Es sind mittlere Transferraten, keine Höchstwerte.


----------



## RTW112 (30. März 2009)

*AW: Die größten Festplatten gegen die schnellsten SSDs - Vorschau auf PCGH 05/2009*



PCGH_Henner schrieb:


> Es sind mittlere Transferraten, keine Höchstwerte.


ok danke euch


----------



## Jan 1984 (30. März 2009)

*AW: Die größten Festplatten gegen die schnellsten SSDs - Vorschau auf PCGH 05/2009*

es wäre schön zu wissen welche firmware eure ocz vertex hat, da die neue firmware 1275 noch schneller sein soll und ein paar probleme beseitigen soll.


----------



## INU.ID (30. März 2009)

*Die größten Festplatten gegen die schnellsten SSDs - Vorschau auf PCGH 05/2009*

In dem Test fehlt noch sowas: Photofast CR-9000: Build A Low-Cost SSD Drive With Flash Memory Cards | Mark's Technology News

((( mal auf Deutsch http://www.tinxi.de/default.aspx?TY=Item&ST=5&VL=21130&SC=rel )))

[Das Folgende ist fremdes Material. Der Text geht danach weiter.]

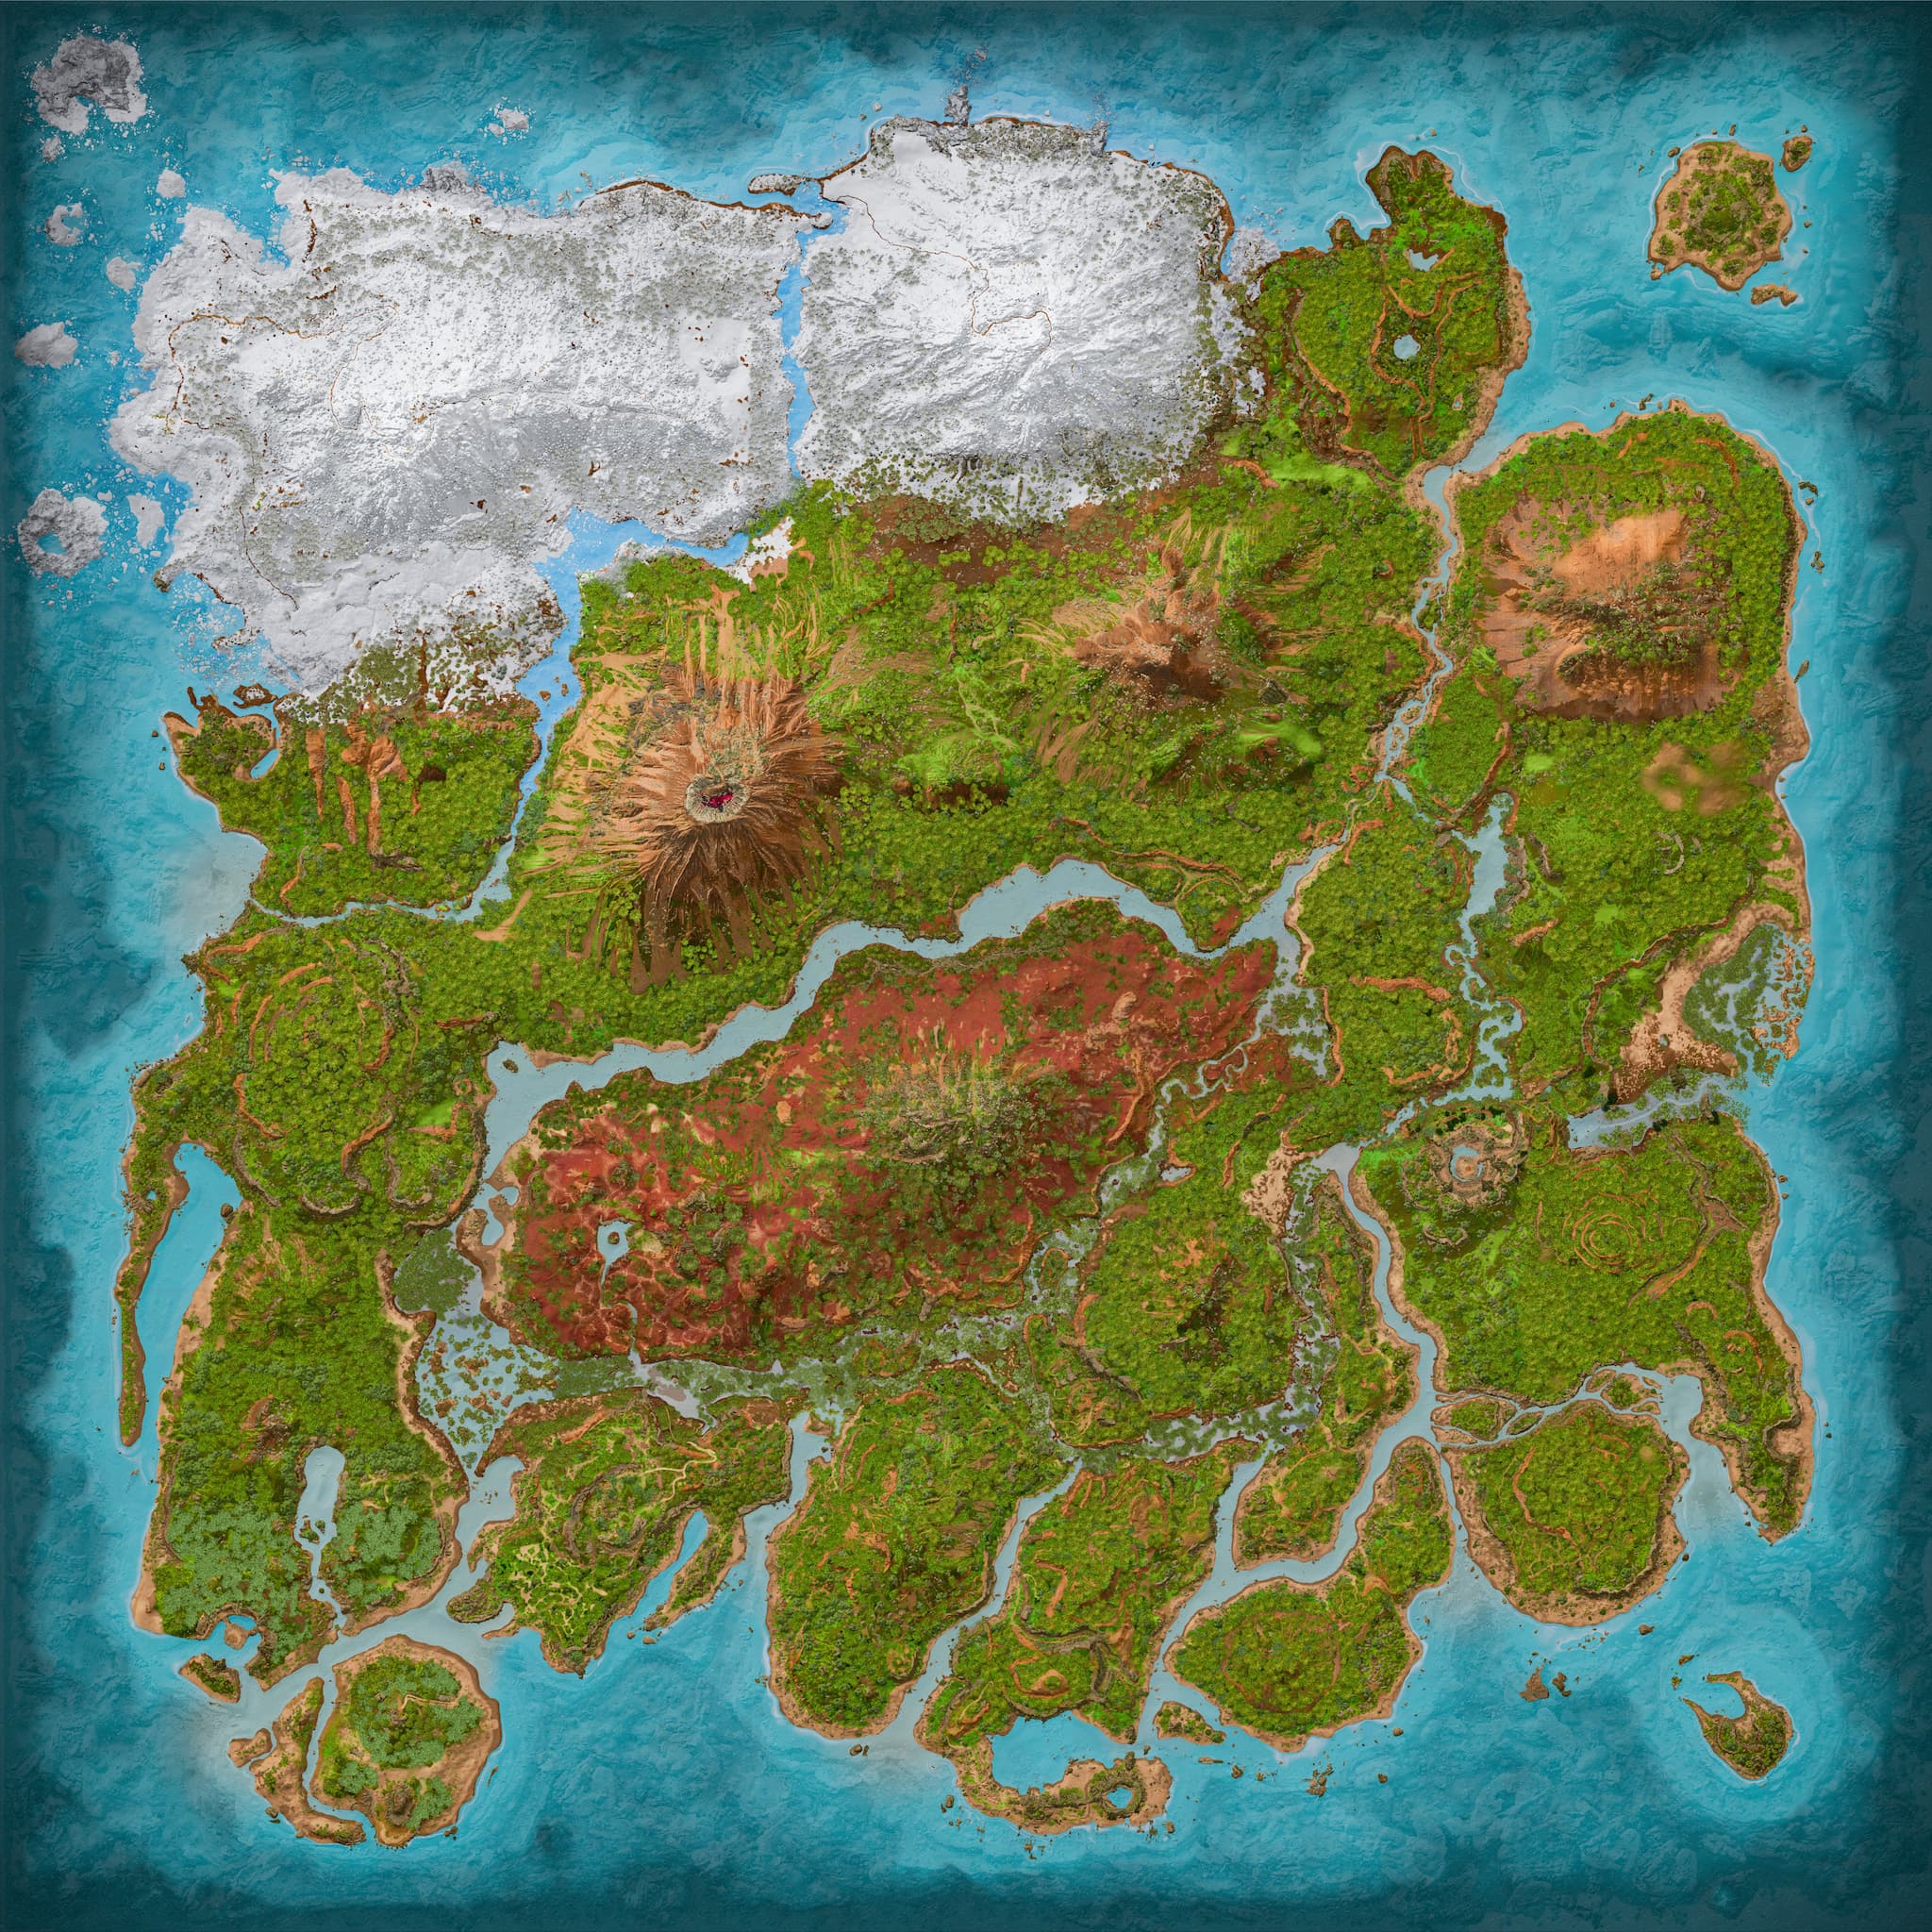 ARK: Survival Evolved Lost Island Map Guide: Resource Locations
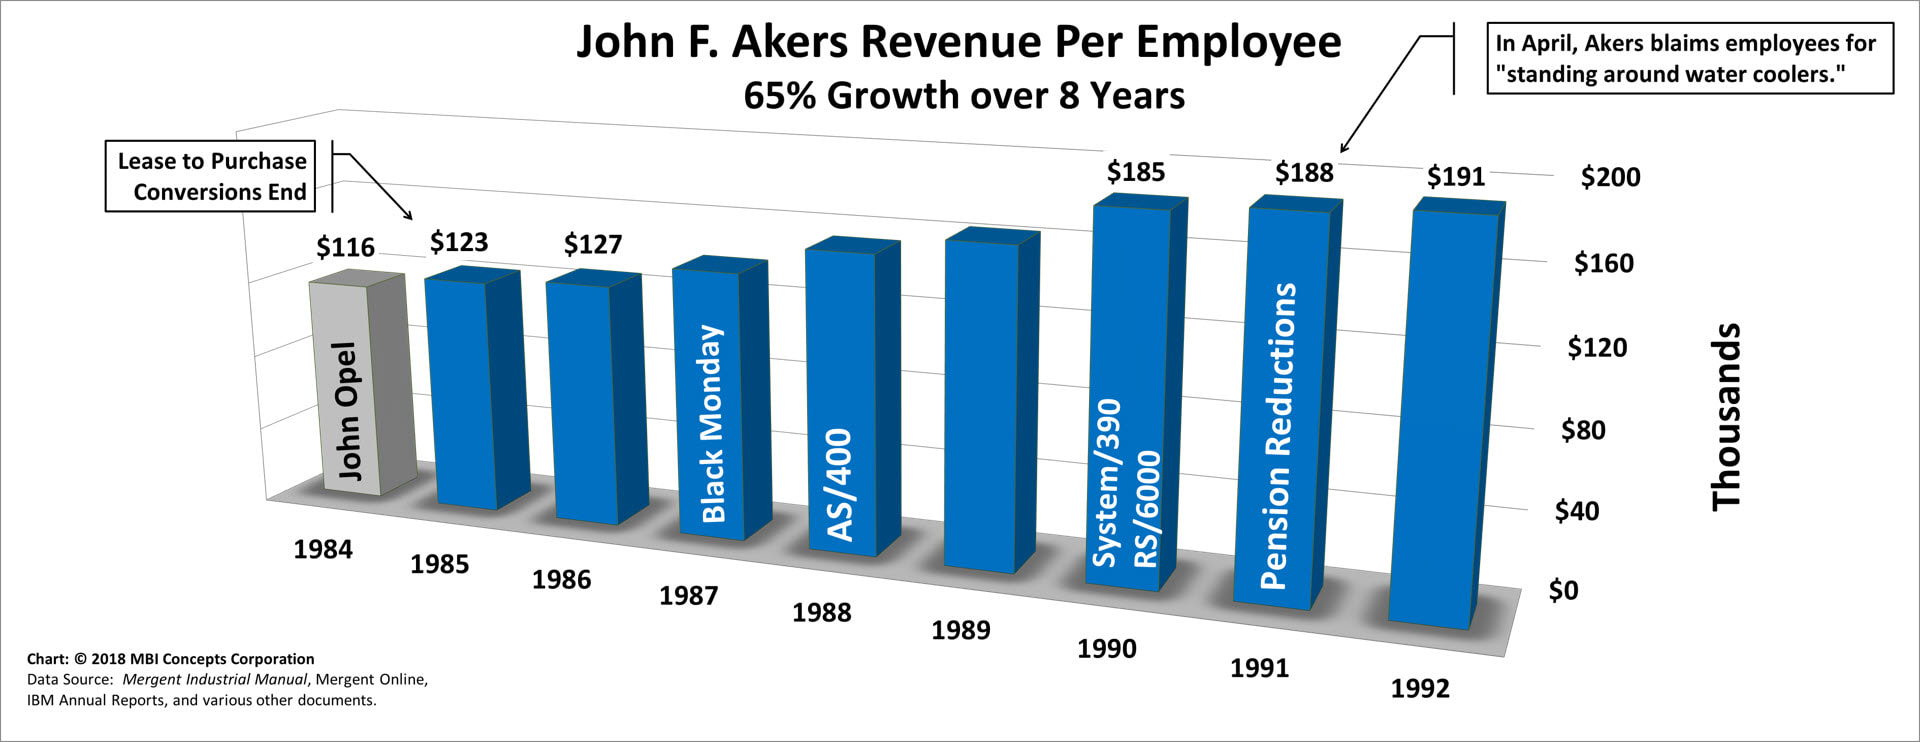 A color bar chart showing IBM's yearly revenue revenue per employee (sales productivity) from 1984 through 1992 for John F. Akers.

Wäre doch mal interessant was dabei rauskommt...


----------



## 4K.Demo (30. März 2009)

*AW: Die größten Festplatten gegen die schnellsten SSDs - Vorschau auf PCGH 05/2009*

Wenn die nich so teuer wären hät ich mir schon lange eine gekauft.

Meine 320gig WD Sata Festplatte is mir viel zu langsam... wollte aber auch kein Raid oder ähnliches bauen da ich noch abwarte bis die SSD billiger werden.


----------



## yello7676 (30. März 2009)

*AW: Die größten Festplatten gegen die schnellsten SSDs - Vorschau auf PCGH 05/2009*

wenn die Sdds eine Speicherkapazität hätten und nicht so viel kosten würden ich sie direkt gegen meine 500gb Sata austauschen


----------



## molar (30. März 2009)

*AW: Die größten Festplatten gegen die schnellsten SSDs - Vorschau auf PCGH 05/2009*



RTW112 schrieb:


> soweit ich weiss verbrauch doch vista schon über 15 mit sp1 glaube vista nutz schon 14-16gb plus sp1 bist bestimmt bei 17-18gb. will aber auch nix falschen sagen.


vista ansich verbraucht mit SP1 nur so 7-8gb... wenn man hibernate und pagefile dazu rechnet kommt natürlich einiges mehr drauf


----------



## Harlekin (30. März 2009)

*AW: Die größten Festplatten gegen die schnellsten SSDs - Vorschau auf PCGH 05/2009*



INU.ID schrieb:


> In dem Test fehlt noch sowas: Photofast CR-9000: Build A Low-Cost SSD Drive With Flash Memory Cards | Mark's Technology News
> 
> ((( mal auf Deutsch tinxi.com GmbH Ihr Computer Online Shop für Hardware und Software )))
> 
> Wäre doch mal interessant was dabei rauskommt...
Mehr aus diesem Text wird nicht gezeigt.